Data in this exercise Block Start

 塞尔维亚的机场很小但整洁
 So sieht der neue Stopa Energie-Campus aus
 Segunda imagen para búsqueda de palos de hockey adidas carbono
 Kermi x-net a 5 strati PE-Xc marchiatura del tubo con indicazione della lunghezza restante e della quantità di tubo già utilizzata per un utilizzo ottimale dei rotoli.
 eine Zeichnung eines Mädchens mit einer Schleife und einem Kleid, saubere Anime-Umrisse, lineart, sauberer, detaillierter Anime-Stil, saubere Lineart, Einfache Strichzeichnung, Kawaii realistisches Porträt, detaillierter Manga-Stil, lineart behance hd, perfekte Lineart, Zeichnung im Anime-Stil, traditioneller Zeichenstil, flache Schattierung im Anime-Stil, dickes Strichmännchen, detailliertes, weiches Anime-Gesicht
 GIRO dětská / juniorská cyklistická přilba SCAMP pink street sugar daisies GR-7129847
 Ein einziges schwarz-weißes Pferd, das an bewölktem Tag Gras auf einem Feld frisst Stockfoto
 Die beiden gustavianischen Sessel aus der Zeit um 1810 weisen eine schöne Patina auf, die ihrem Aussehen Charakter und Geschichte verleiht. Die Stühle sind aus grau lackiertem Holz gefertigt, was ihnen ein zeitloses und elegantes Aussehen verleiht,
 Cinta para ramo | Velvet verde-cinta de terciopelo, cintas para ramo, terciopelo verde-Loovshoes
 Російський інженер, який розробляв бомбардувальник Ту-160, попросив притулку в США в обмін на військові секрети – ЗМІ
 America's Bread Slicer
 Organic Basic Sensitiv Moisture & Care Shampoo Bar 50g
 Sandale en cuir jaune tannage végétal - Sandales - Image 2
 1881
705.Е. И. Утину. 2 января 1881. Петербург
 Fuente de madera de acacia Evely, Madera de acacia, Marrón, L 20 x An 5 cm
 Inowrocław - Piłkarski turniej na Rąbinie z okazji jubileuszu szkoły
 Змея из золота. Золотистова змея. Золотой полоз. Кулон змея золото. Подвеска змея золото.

Data in this exercise Block End

Exercise brief ::
Look through the material above for the word "einem" and copy every line that has it.

Solved problem ::
 eine Zeichnung eines Mädchens mit einer Schleife und einem Kleid, saubere Anime-Umrisse, lineart, sauberer, detaillierter Anime-Stil, saubere Lineart, Einfache Strichzeichnung, Kawaii realistisches Porträt, detaillierter Manga-Stil, lineart behance hd, perfekte Lineart, Zeichnung im Anime-Stil, traditioneller Zeichenstil, flache Schattierung im Anime-Stil, dickes Strichmännchen, detailliertes, weiches Anime-Gesicht
 Ein einziges schwarz-weißes Pferd, das an bewölktem Tag Gras auf einem Feld frisst Stockfoto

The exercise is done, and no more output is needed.